Task instructions: Write out exactly the lines from the line that contains "MLS# 3826145 - 18" through the final line of the listing below, and no others.

● ● ● ●

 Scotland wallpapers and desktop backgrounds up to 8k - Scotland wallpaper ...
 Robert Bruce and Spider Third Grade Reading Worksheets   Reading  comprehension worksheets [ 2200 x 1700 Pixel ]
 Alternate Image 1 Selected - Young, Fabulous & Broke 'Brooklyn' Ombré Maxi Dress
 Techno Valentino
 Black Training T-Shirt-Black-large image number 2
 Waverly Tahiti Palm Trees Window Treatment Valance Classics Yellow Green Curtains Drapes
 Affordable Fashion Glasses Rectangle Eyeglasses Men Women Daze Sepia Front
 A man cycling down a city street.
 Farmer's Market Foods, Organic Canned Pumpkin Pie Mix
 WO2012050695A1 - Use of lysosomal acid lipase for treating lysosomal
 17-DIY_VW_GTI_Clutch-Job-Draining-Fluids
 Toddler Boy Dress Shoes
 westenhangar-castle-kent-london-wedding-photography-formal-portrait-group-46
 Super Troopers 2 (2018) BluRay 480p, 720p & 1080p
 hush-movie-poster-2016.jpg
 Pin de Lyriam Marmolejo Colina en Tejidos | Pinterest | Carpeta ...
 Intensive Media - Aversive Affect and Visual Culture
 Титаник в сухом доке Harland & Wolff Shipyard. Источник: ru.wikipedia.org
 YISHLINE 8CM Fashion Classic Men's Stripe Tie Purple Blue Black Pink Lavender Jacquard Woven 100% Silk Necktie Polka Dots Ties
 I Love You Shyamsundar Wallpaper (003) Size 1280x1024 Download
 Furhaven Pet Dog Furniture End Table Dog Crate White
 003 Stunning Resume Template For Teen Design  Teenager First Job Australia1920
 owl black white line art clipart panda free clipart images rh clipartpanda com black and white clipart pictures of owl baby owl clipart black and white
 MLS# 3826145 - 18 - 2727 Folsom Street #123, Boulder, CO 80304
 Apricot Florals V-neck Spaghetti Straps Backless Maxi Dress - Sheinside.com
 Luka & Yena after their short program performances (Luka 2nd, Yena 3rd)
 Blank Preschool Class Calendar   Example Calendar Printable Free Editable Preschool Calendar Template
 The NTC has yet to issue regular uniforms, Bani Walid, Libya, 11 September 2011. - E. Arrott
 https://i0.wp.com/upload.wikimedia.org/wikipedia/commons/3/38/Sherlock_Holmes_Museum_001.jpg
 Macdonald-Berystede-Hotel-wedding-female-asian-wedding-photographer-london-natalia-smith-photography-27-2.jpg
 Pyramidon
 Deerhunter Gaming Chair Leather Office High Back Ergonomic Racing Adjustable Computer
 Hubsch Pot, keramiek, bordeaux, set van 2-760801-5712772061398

● ● ● ●

Worked solution:
 MLS# 3826145 - 18 - 2727 Folsom Street #123, Boulder, CO 80304
 Apricot Florals V-neck Spaghetti Straps Backless Maxi Dress - Sheinside.com
 Luka & Yena after their short program performances (Luka 2nd, Yena 3rd)
 Blank Preschool Class Calendar   Example Calendar Printable Free Editable Preschool Calendar Template
 The NTC has yet to issue regular uniforms, Bani Walid, Libya, 11 September 2011. - E. Arrott
 https://i0.wp.com/upload.wikimedia.org/wikipedia/commons/3/38/Sherlock_Holmes_Museum_001.jpg
 Macdonald-Berystede-Hotel-wedding-female-asian-wedding-photographer-london-natalia-smith-photography-27-2.jpg
 Pyramidon
 Deerhunter Gaming Chair Leather Office High Back Ergonomic Racing Adjustable Computer
 Hubsch Pot, keramiek, bordeaux, set van 2-760801-5712772061398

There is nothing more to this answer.